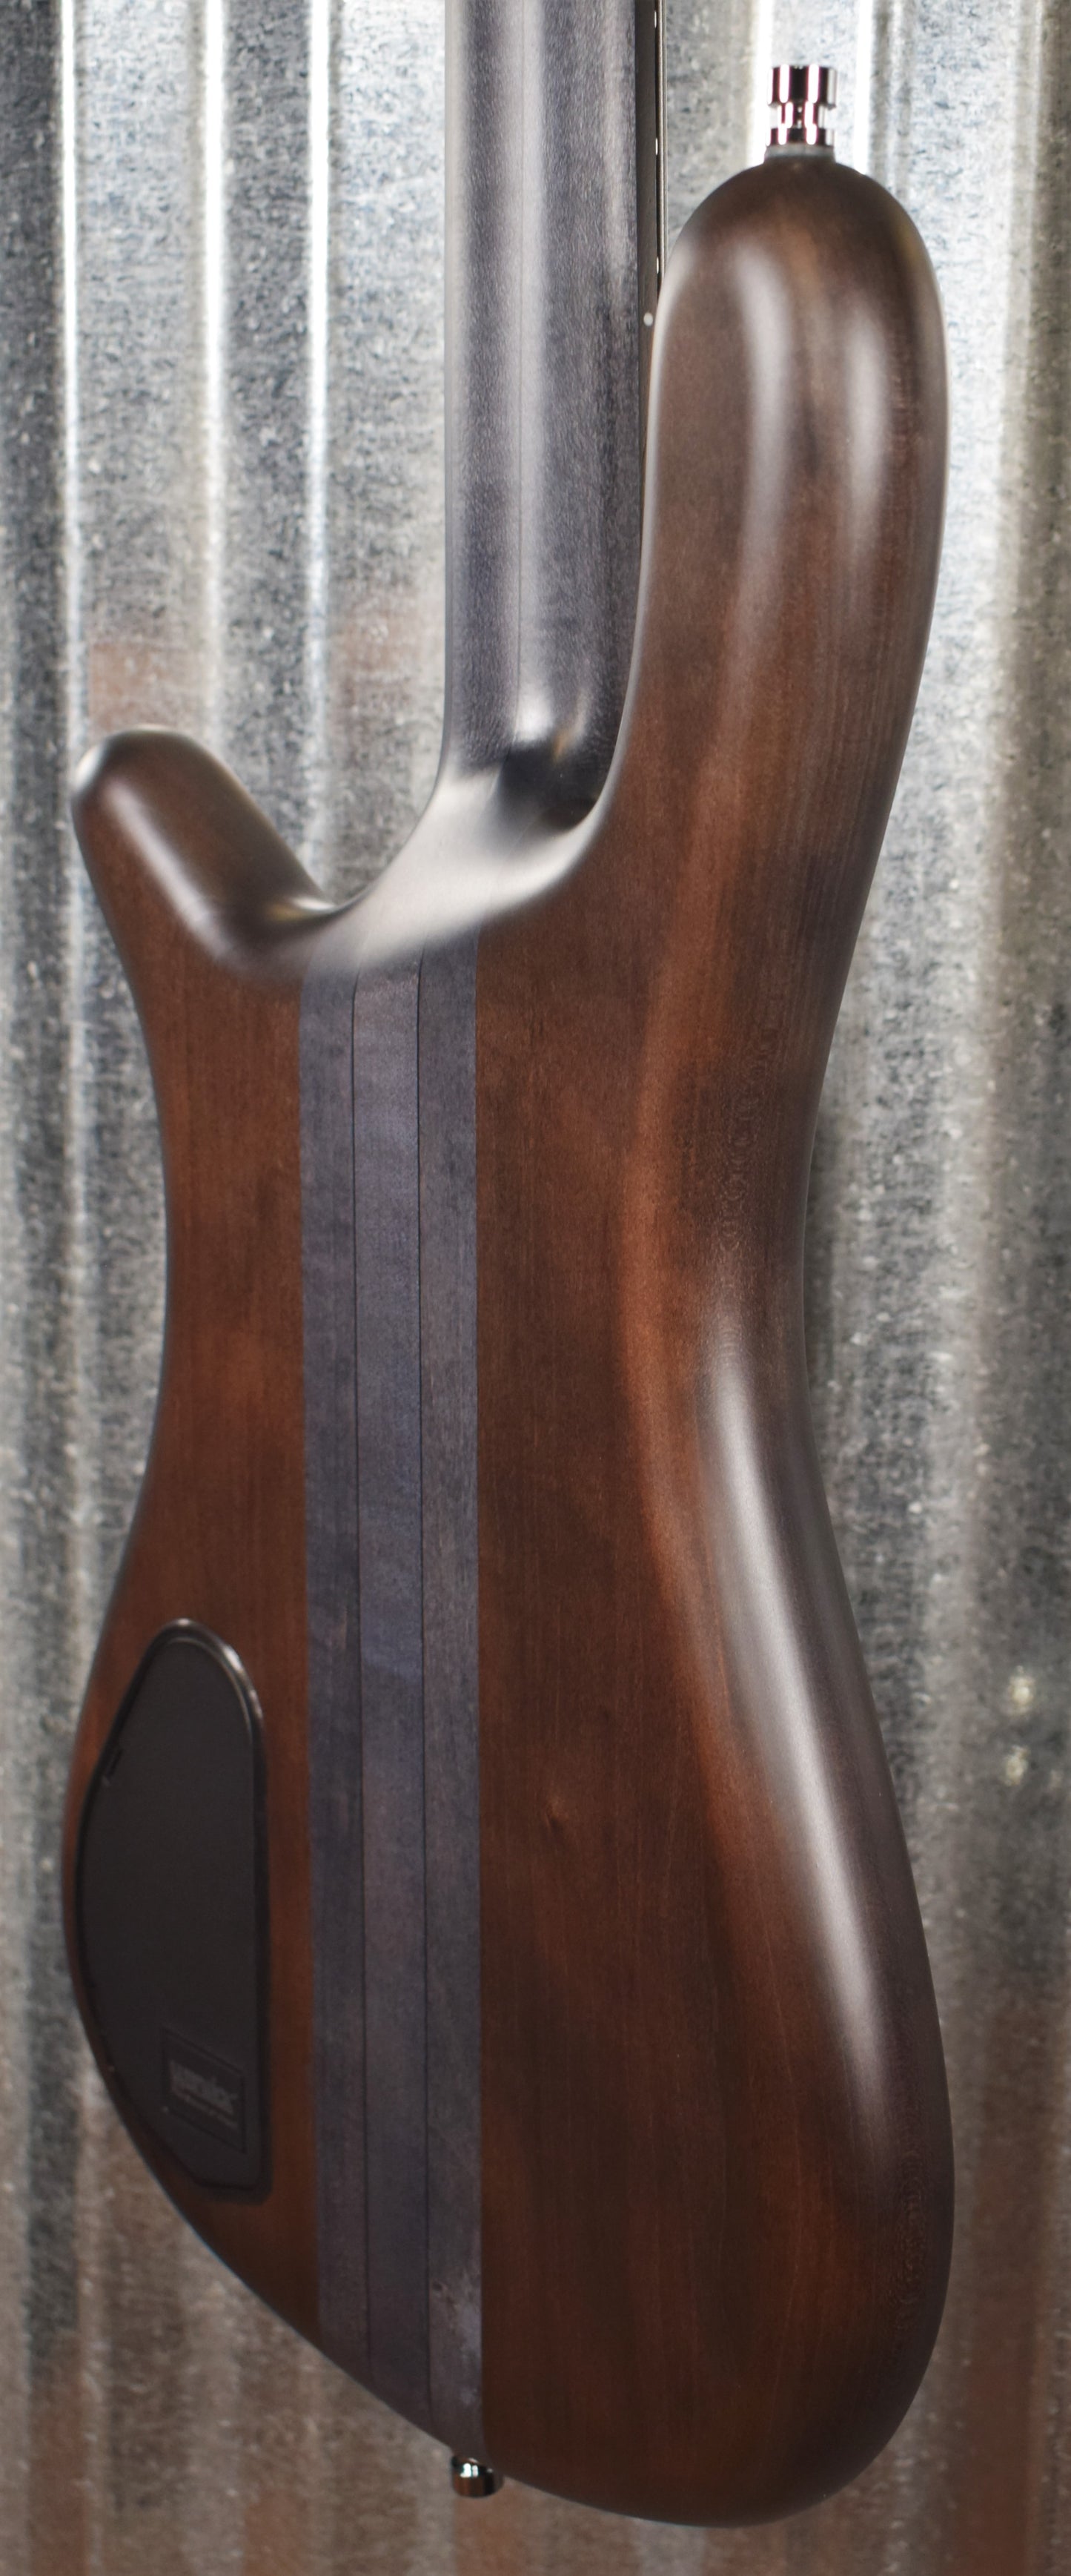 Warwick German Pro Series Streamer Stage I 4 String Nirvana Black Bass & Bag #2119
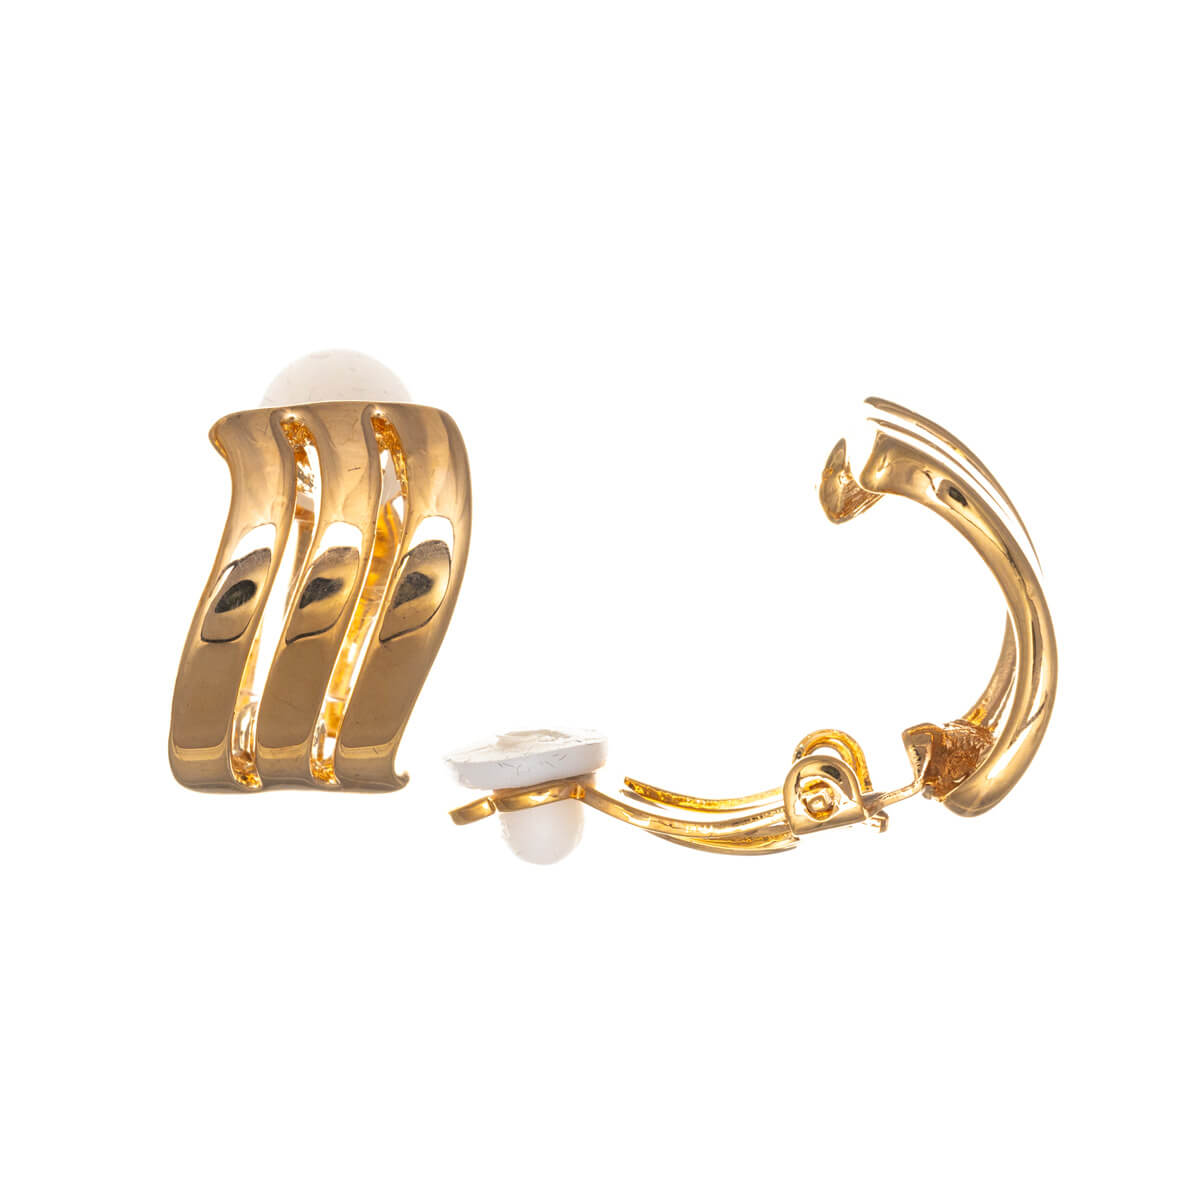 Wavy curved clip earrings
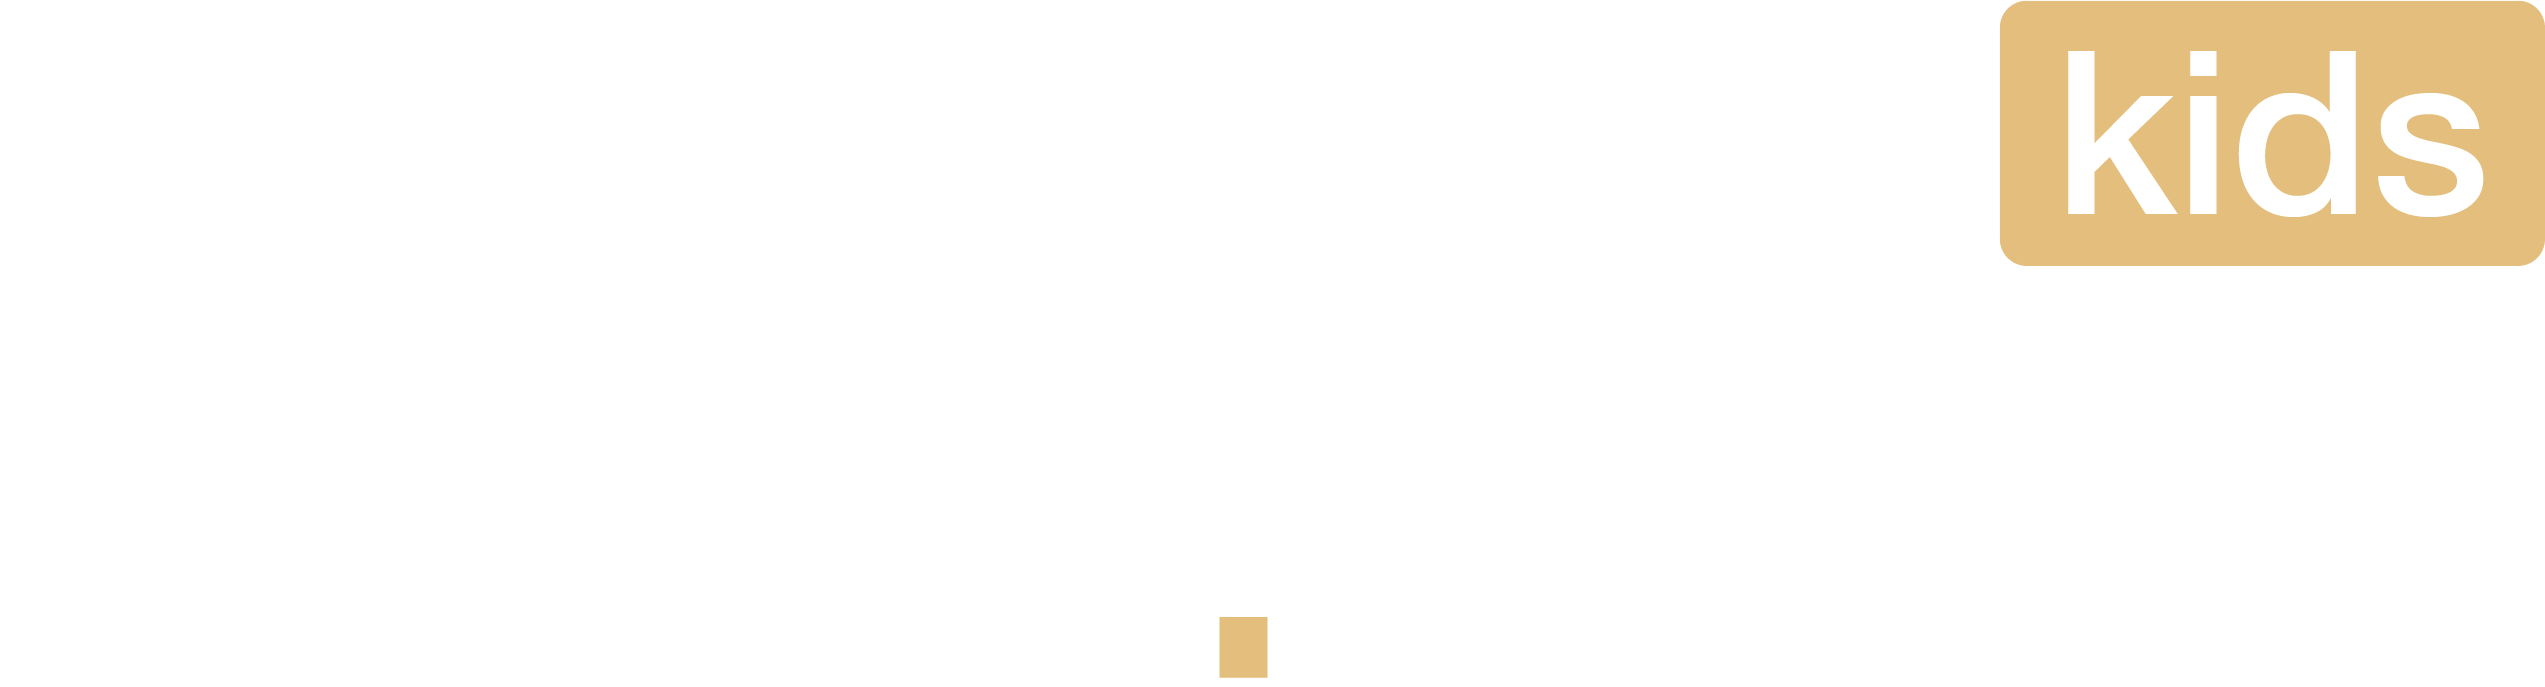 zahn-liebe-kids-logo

[THE TASK]: Write out the material exactly, excluding pictures.

[ANSWER AREA]:
 Warwick German Pro Series Streamer Stage I 4 String Nirvana Black Bass & Bag #2119
 Wavy curved clip earrings
 zahn-liebe-kids-logo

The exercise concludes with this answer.